Spring 2010
Faculty Focus

synapse: University of Nevada, Reno School of Medicine

Dean Burkin, Ph.D.

Dean Burkin, Ph.D., earned a five-year, $1 million National Institutes of Health grant to study integrin-based therapies for muscular dystrophy. Photo by Laura Levin

The glue that binds

Story by Laura Levin

Dean Burkin, Ph.D., associate professor of pharmacology at the School of Medicine, discovered a potential therapy for the most common form of muscular dystrophy.

"Duchenne Muscular Dystrophy is an X-linked disease (on the X-chromosome) that affects one of 3,500 newborn boys," said Burkin, who also serves as the director of the Nevada Transgenic Center.

"Around 45,000 children suffer from this disease in the United States and European Union."

Children with this genetic disease are diagnosed by five years of age. Many are confined to a wheelchair by their early teens and die in their 20s or 30s from cardiopulmonary failure. There is no effective treatment or cure for this disease, which is caused by mutations in a gene encoding a critical muscle protein called dystrophin.

"Dystrophin is a molecular glue that links the inside of the cell to the extracellular matrix on the outside of the cell," explained Burkin.

"The lack of this glue causes muscle fibers to pull away from each other with progressive use. In these patients, it eventually leads to severe muscle damage."

Muscle cells also have "back-up glue" called alpha7beta1 integrin, which also mediates muscle cell attachment to the extracellular matrix.

Using transgenic mouse technology, Burkin and his colleagues showed increased alpha7beta1 integrin alleviates muscle disease in dystrophic mice.

Researchers at the medical school found a naturally occurring protein in the human body, called laminin-111, that binds to both alpha7beta1 integrin and dystrophin. Treating muscle cells with laminin-111 increased the levels of alpha7beta1 integrin.

Laminin-111 is a major component of the muscle extracellular matrix and is produced during muscle development and in adult kidneys. "Because adults don't produce laminin-111 in their muscles, it can easily be tracked," Burkin said. "And because it occurs naturally in our kidneys, our bodies won’t reject it."
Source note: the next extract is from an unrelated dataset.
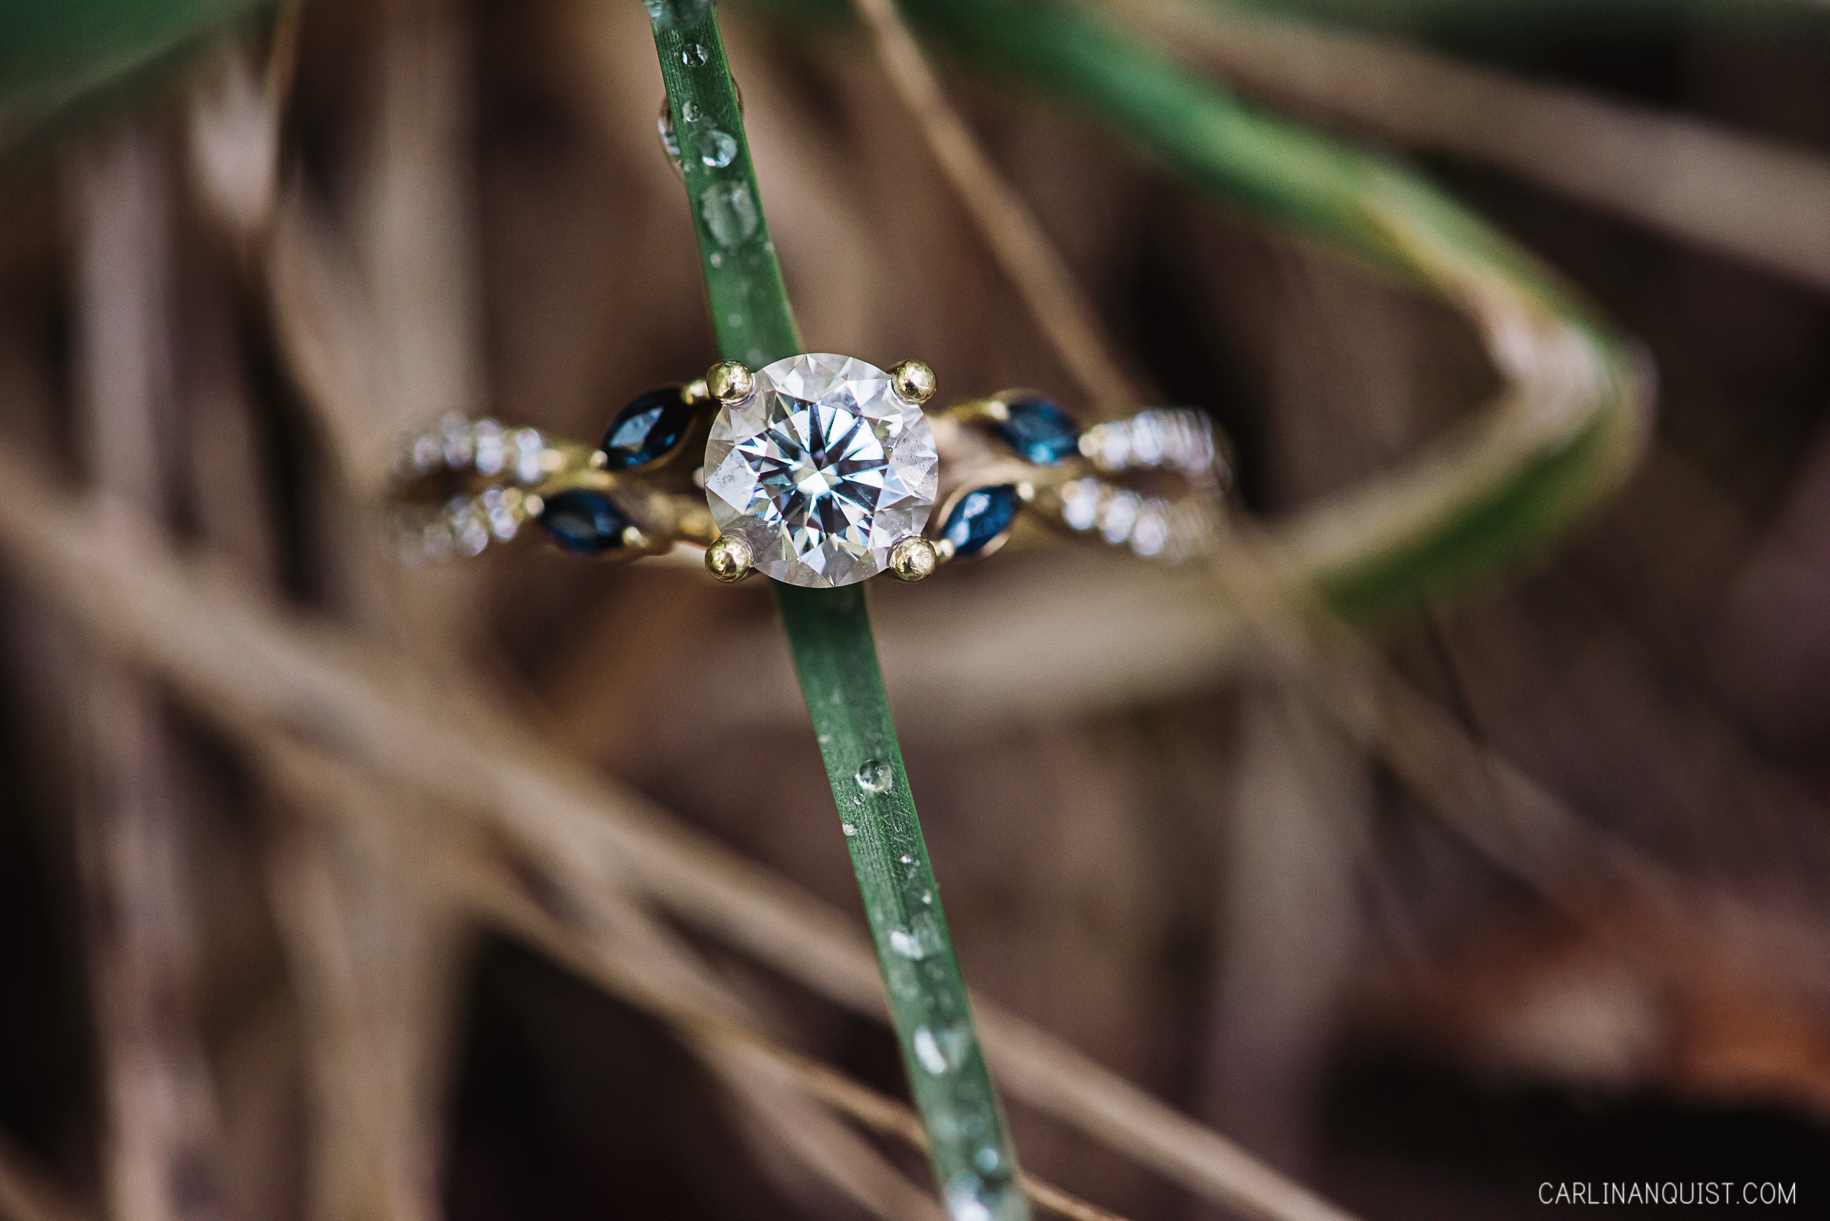 Elbow Falls Engagement Photos | Braided Engagement Ring

Burkin’s lab tested laminin-111 in mice with muscular dystrophy and found exercise caused muscle damage in the untreated mice, but not in the treated animals.

"This was a significant finding suggesting that laminin-111 was really acting protectively in the muscle to prevent degeneration," said Burkin.

The researchers also tracked the protein and were surprised to find it reached all major muscle groups in mice, including the heart and the diaphragm, which are most severely affected in Duchenne patients. Results from these studies were recently published in Proceedings of the National Academy of Science.

"Essentially, laminin-111 reloads the extracellular matrix increasing the levels of the integrin bonding glue and prevents further damage," Burkin said. "This could be developed into a drug for the patients, if the work in the mouse models that we’ve been using translates to human studies."

The University of Nevada, Reno recently aligned with Prothelia, Inc. a biopharmaceutical company, to begin making a human version of the laminin-111 for possible clinical trials.

"The next step is to find out how effective laminin is after disease onset. We are currently investigating if laminin-111 protein therapy can reverse the disease’s progress or at least stop it in its tracks after it has already progressed," Burkin said.

Burkin, a New Zealand native, received undergraduate degrees in biology and developmental biology from Victoria University of Wellington, New Zealand.

He completed his doctorate in biochemistry and genetics at the University of Colorado Health Sciences Center and postdoctoral training at Cambridge University, England. He then joined the University of Illinois to complete postdoctoral research before coming to the School of Medicine in 2003.